I like Pony pipe clamps.


----------



## epicfail48 (Mar 27, 2014)

Not mentioned, but I like the HF pipe clamps. I like pipe clamps over bar clamps for any sort of length because if I ever need larger clamps, I just need a longer piece of pipe. The HF ones are something like $8 for the 1/2, throw in another $10 for a 10ft section of black iron pipe and you're at $26 for 2 5 foot clamps.

As far as the bar clamps being aluminium, personally I have a hard time trusting them, but given that pretty much ever company uses aluminium bars for the longer clamps I can't imagine they work too bad. If memory serves grades like 7075 are pretty close to mild steel in terms of strength anyway


----------



## GeorgeC (Jul 30, 2008)

I use Harbor Freight (HF) bar clamps and like them. The fact that they are aluminum vs steel is a plus in my opinion.

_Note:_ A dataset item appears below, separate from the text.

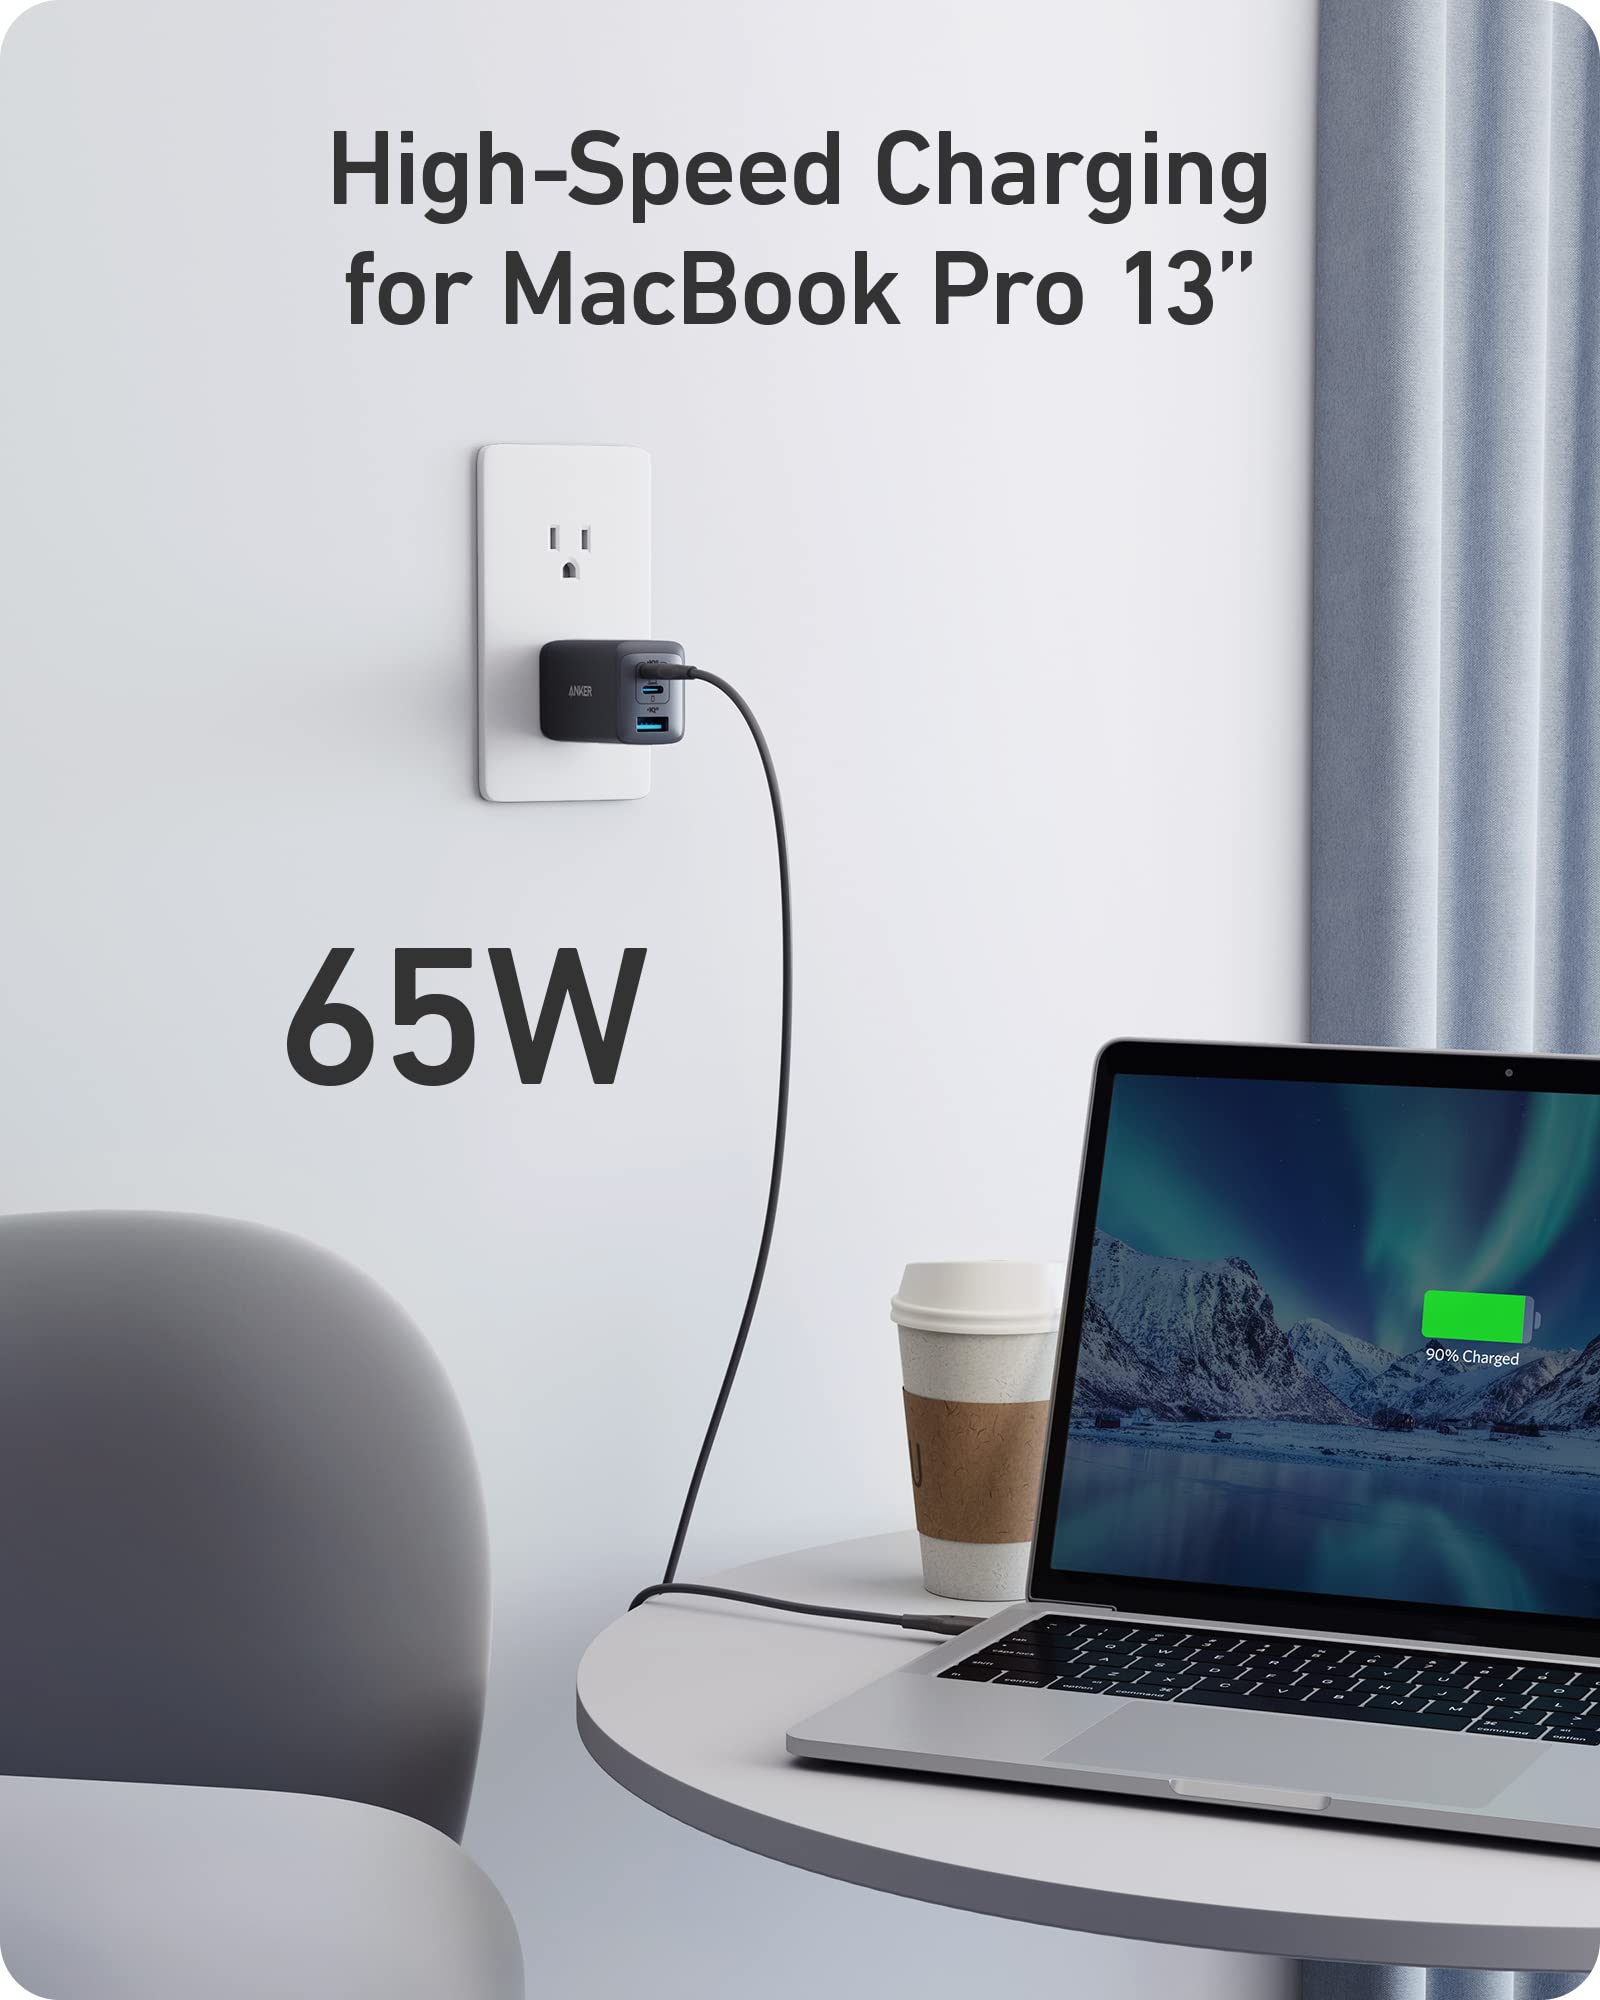 Anker USB C Charger, 735 Charger (Nano II 65W), iPad Charger, PPS 3-Port Fast Compact Foldable for MacBook Pro/Air, iPad Pro, Galaxy S23, Dell XPS 13, Note 20/10+, iPhone 14/Pro, Steam Deck, and More

It makes them lighter to handle.

You DO NOT need to over tighten to the point that steel is required.

George


----------



## mendozer (Jun 10, 2014)

I had read somewhere that sometimes the HF pipe clamps lose the grip on the sliding end. Could be a quality control issue. I figure if I'm saving $$ on pipes, I'd spend more for the better brands. Turns out I only need a couple. My friend has 3 or 4 I could borrow so I only need to make a couple now. The tabletop will be 10" wide and 49" long so I thought I'd clamp one every 8" or so. If possible I'll elevate the top on boards and alternate clamp directions too since pipe clamps don't have much of a throat depth. Unsure if I'll need cauls or not, we'll see.


----------



## Nathan Parker (Jul 23, 2016)

I just noticed a new product at Lowe's that lets you join two Irwin one-handed bar clamps to make a longer clamp. https://www.lowes.com/pd/IRWIN-QUICK-GRIP-Plastic-Heavy-Duty-Clamp-Coupler/1000129703 

Might be handy if you already have some Irwins.


----------



## Rodrat (Aug 31, 2016)

The Harbor Freight bar clamps can be stiffened up with a long square chunk of wood pinned into it.


----------



## GeorgeC (Jul 30, 2008)

Rodrat said:


> The Harbor Freight bar clamps can be stiffened up with a long square chunk of wood pinned into it.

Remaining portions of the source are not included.